It may be tempting to organize all scripts and reports with ascending names, for example 001-load.R, 002-clean.R etc. and although it helps with organization it does not capture the full tree of dependencies. In the terminal it would be best to use a Makefile to manage more complex workflows as they capture the full tree of dependencies and control the order of code execution.

On R I would strongly recommend using the Drake package which I’ve talked about recently: “Getting Started with Drake in R”.

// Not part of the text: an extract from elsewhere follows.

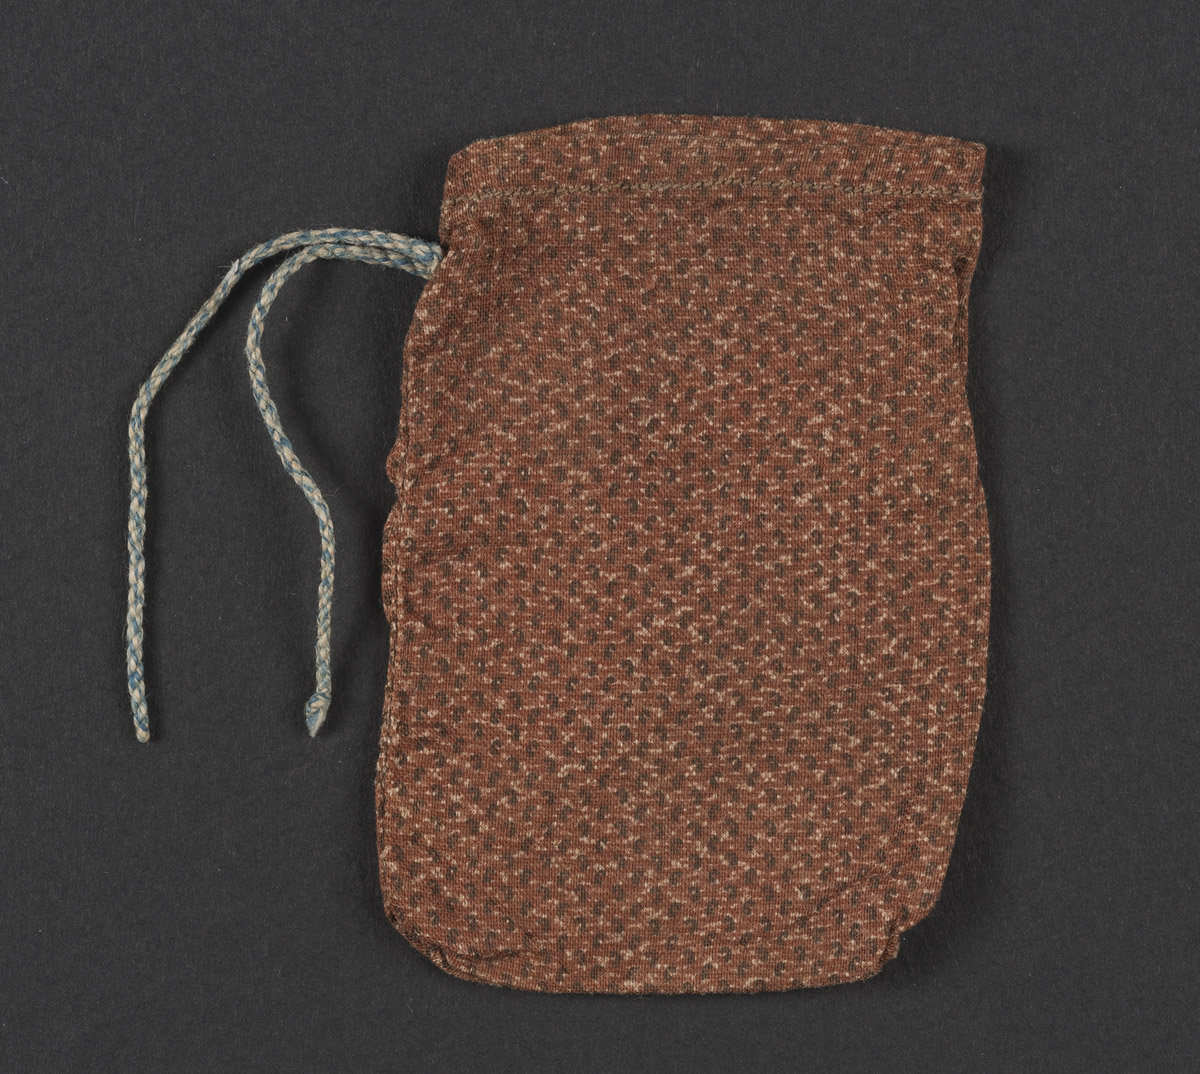 Textiles - Bag

If your workflow combines R code, terminal and python I would suggest using snakemake or Airflow. (TO DO: look into the reticulate package and see how complex multi-language workflows are managed)

Examples of real-world research compendia using R packages

The Boettiger and colleagues example provides a more complex example of a large compendia. This example includes a .travis.yml, a configuration file for the Travis continuous integration service, a Dockerfile that instructs the Docker software how to create a virtual environment for running the R code in an isolated and portable context, and the Makefile which has instructions for executing R code in the compendium in a way that avoids unnecessary repetition. These three files contain organizing metadata that are intended to be both machine- and human-readable, but are not written in the R language.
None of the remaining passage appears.